The Revenge of Frankenstein

Dir: Terence Fisher
Star: Peter Cushing, Francis Matthews, Eunice Gayson, Michael Gwynn

Would it be churlish to point out Frankenstein doesn't do much revenge-taking here, any more than he was evil in The Evil of Frankestein, or was particularly cursed in... Well, you get the picture. What he does manages to do, is cheat the guillotine which awaited him at the end of Curse, with a priest taking the blade instead. The Baron (Cushing) quietly sets up shop in another town, attending to the rich, a success that brings him under the displeased scrutiny of the local medical council. He also does "charity work" at a hospital for the poor, which provides a handy source of spare parts for his off-hours research. Another local physician, Dr. Kleve (Matthews) recognises him, blackmailing his way into an assistant's position, and the pair work towards transplanting the brain of the Baron's deformed assistant Karl into a spiffy new body (Gwynn). Never mind that, when they tried it on a monkey, it turned cannibalistic. What could possibly go wrong?
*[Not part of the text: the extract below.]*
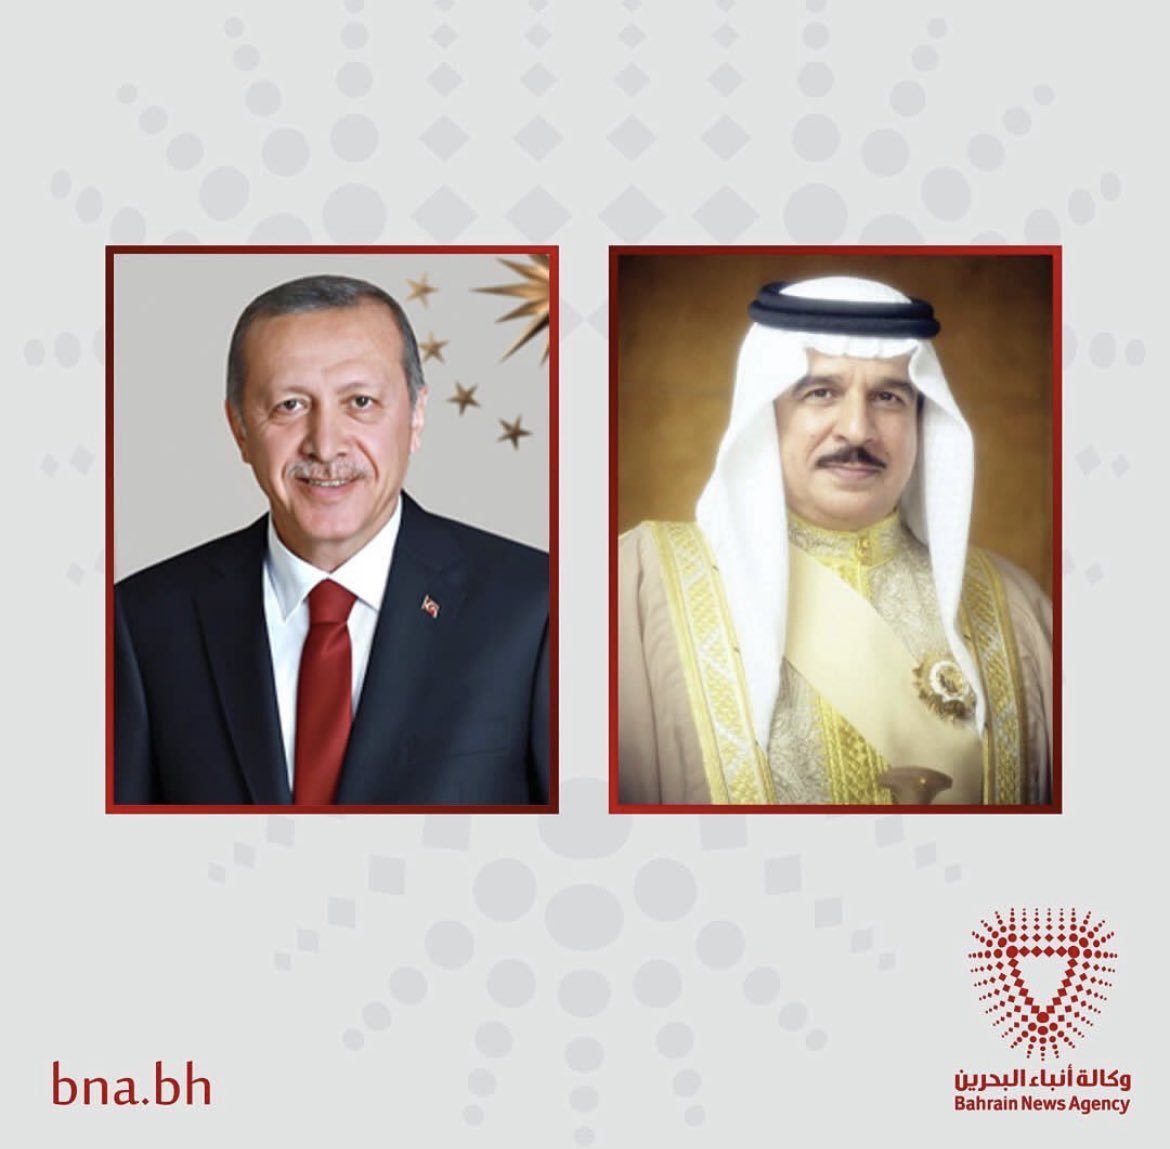 Bahreyn Kralı Hamad bin Isa Al Khalifa, Sayın Cumhurbaşkanımızı arayarak göreve yeniden seçilmeleri vesilesiyle tebrik dileklerini iletmiştir.

bna.bh/en/HMKingcongr…

Naturally, things do; what fun would a movie be, where the scientist's creation didn't get to go on the rampage? Interestingly, the "creation" here is, at least initially, largely indistinguishable from the rest of us. While it's a novel angle - monster is, as monster does, perhaps - the results aren't remotely terrifying, because the way Gwynn plays it, he comes off more as a belligerent drunk than a nightmarish creation of science gone horribly wrong. Against that, we have Cushing: he proved through the series why he is Baron Frankenstein sans pareil, and does the job again here. The Baron being a man oblivious to everything except his own goals; even when helping others, it's for selfish reasons of his own knowledge. After being called before the medical council and their suspicions as to his identity, as Kleve begs him to flee, Frankenstein completely refuses to cave to their pressure, in a way that's almost admirable. As so often with Hammer, Cushing is responsible for a huge part of the film's lasting quality and appeal, and his portrayal here fleshes out the Baron into a character with depth.